▶ _Data_
*** Begin section ***

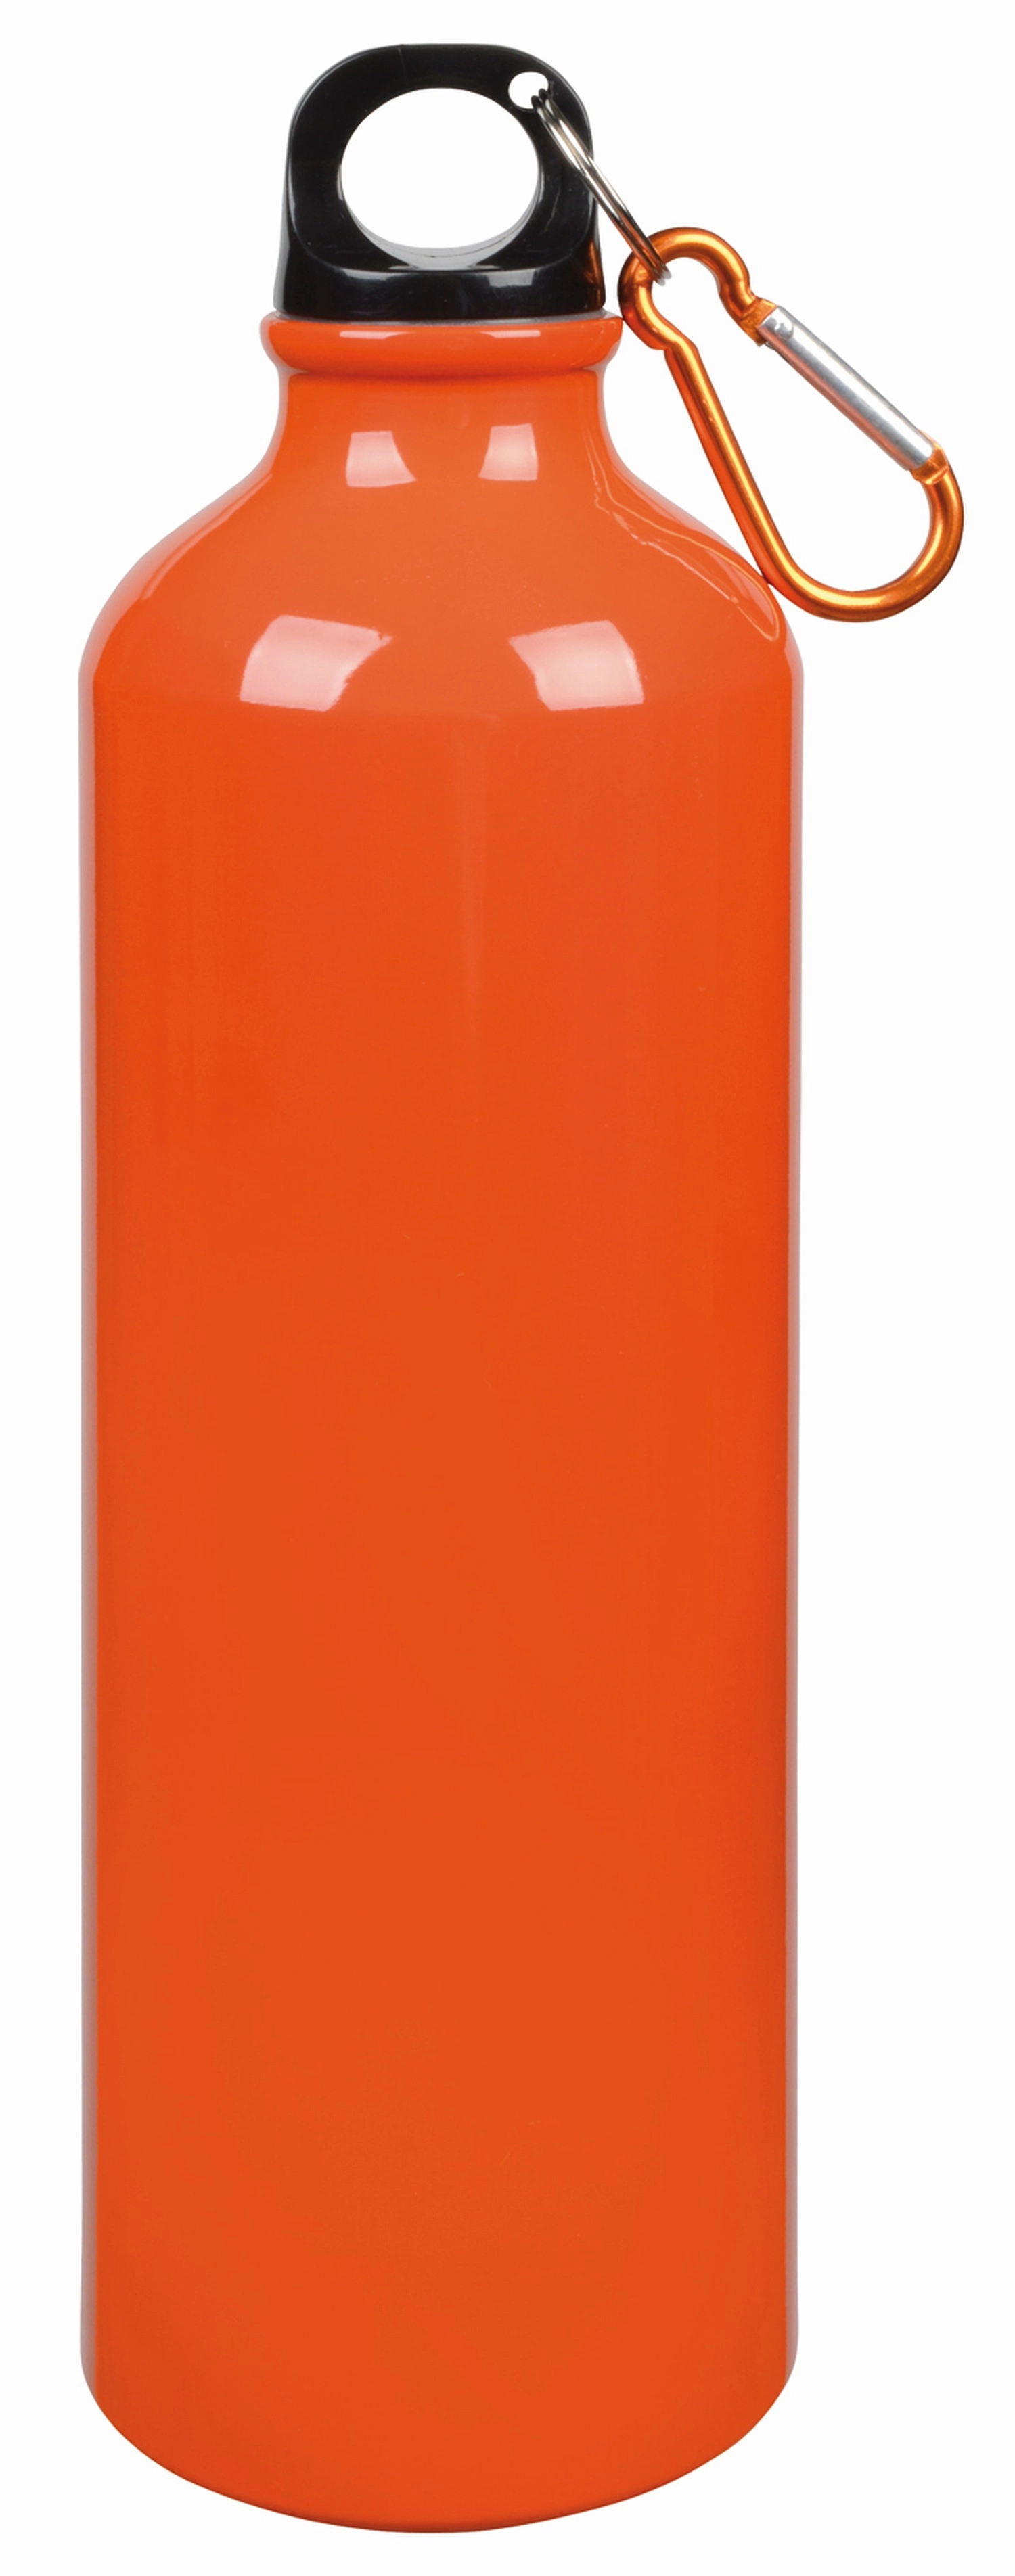 Aluminiowy bidon BIG TRANSIT, pomarańczowy 56-0603136 pomarańczowy
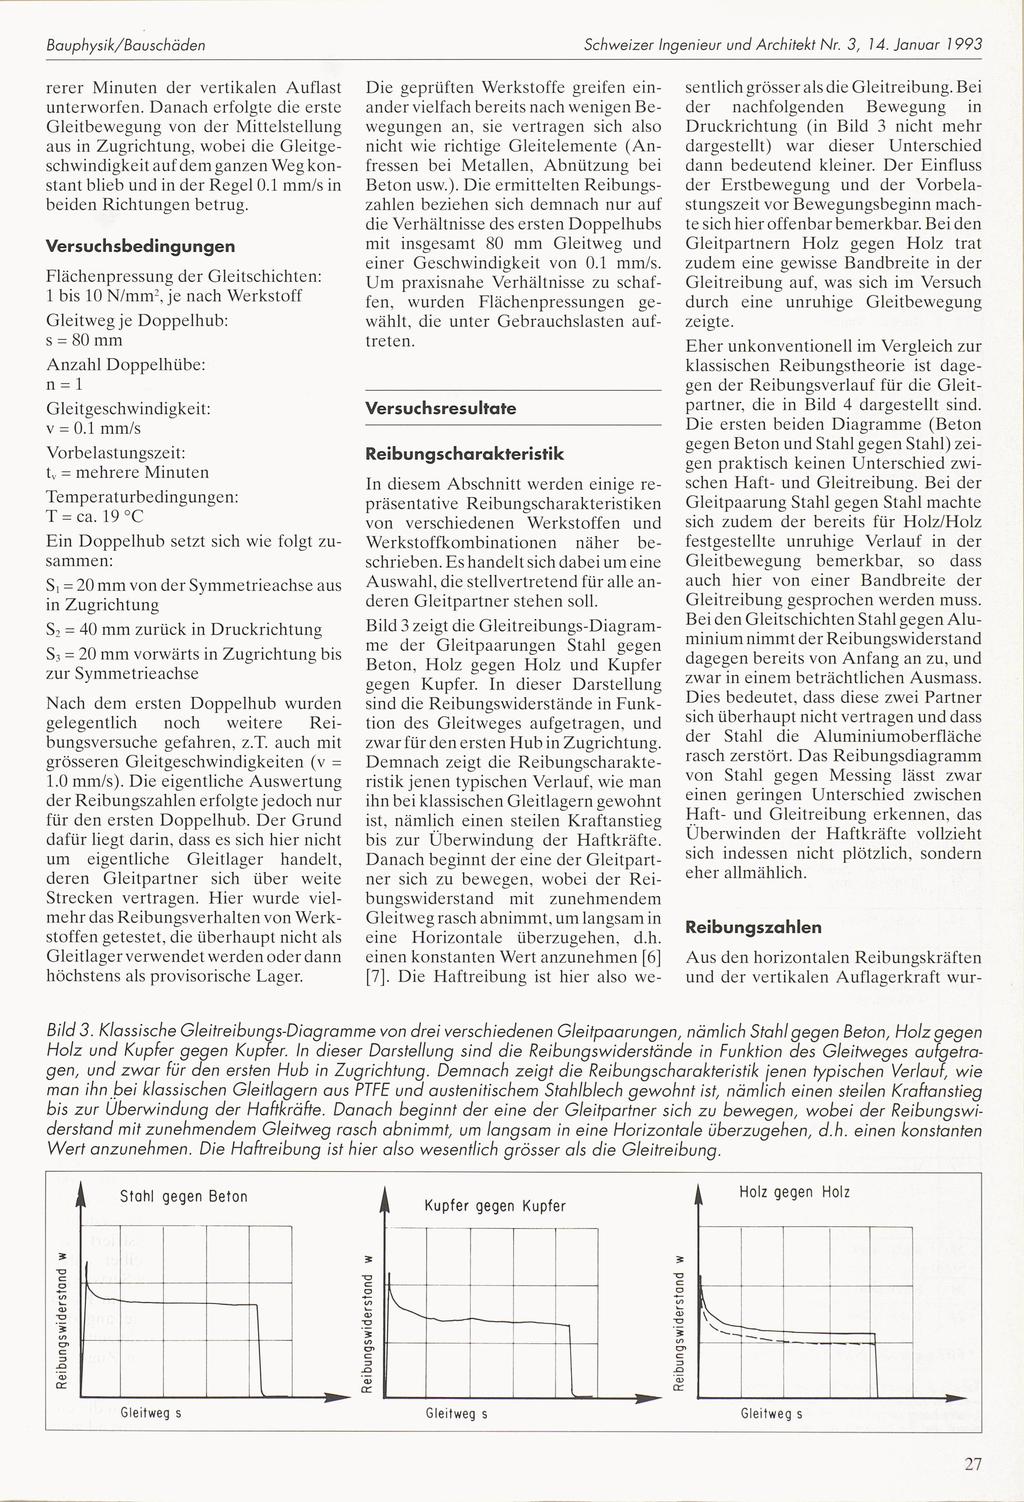 Rebungsderstand Rebungsderstand Rebungsderstand Bauphysk/Bauschäden Schezer Ingeneur und Archtekt Nr. 3, 14. Januar 1993 rerer Mnuten der vertkalen Auflast unterorfen.
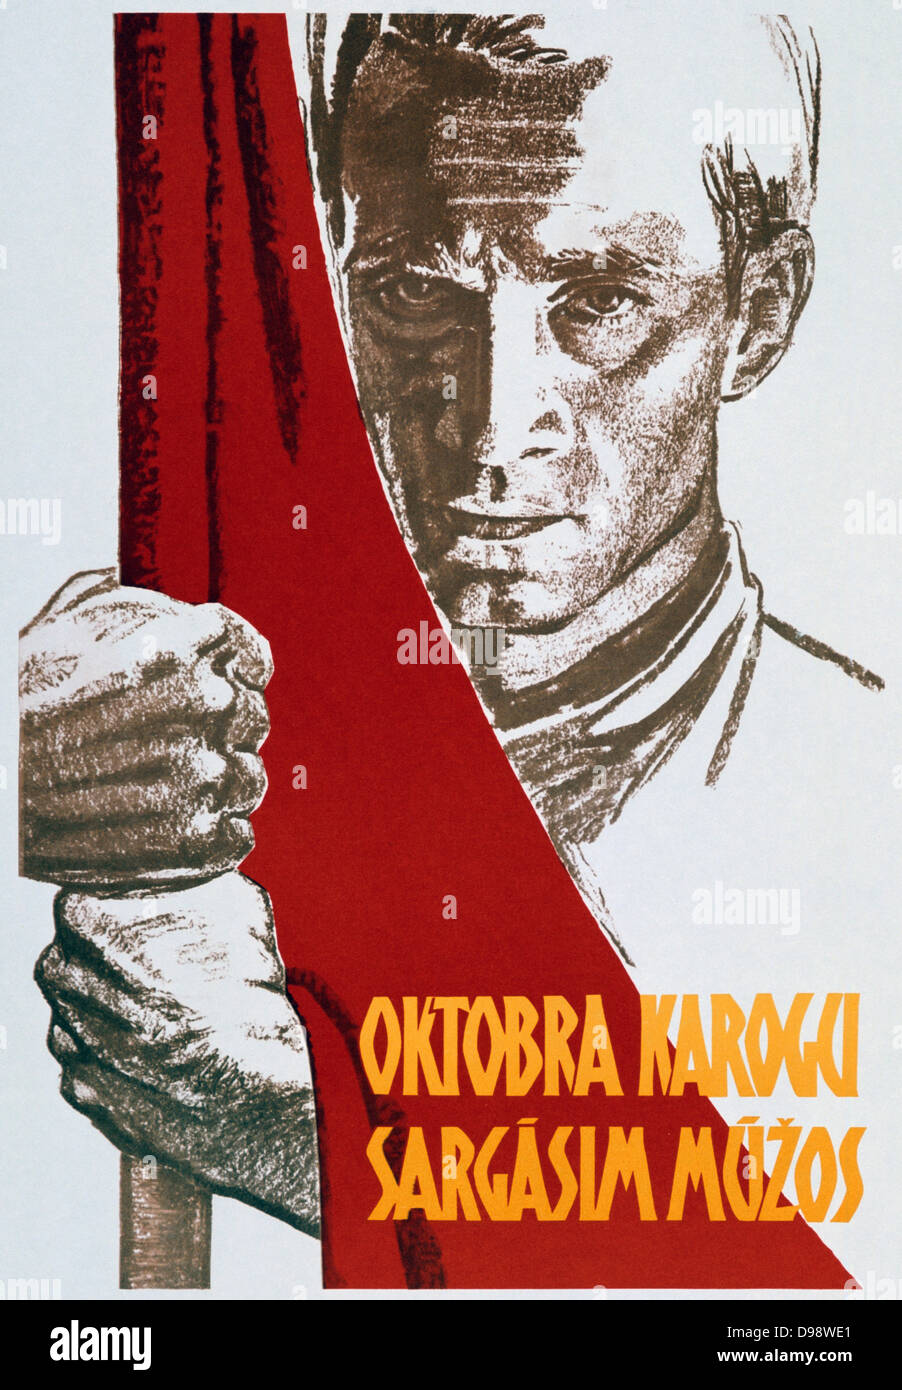 Noi portiamo la bandiera di ottobre attraverso i secoli". Propaganda sovietica poster, 1963. Revolutiion 1919 Russia Sovietica Unione Sovietica comunista comunismo Foto Stock

*** End section ***

▶ _To do_
Pictures are not part of the copy. Restate everything else in the listing word for word.

▶ _Task output_
 Aluminiowy bidon BIG TRANSIT, pomarańczowy 56-0603136 pomarańczowy
 Rebungsderstand Rebungsderstand Rebungsderstand Bauphysk/Bauschäden Schezer Ingeneur und Archtekt Nr. 3, 14. Januar 1993 rerer Mnuten der vertkalen Auflast unterorfen.
 Noi portiamo la bandiera di ottobre attraverso i secoli". Propaganda sovietica poster, 1963. Revolutiion 1919 Russia Sovietica Unione Sovietica comunista comunismo Foto Stock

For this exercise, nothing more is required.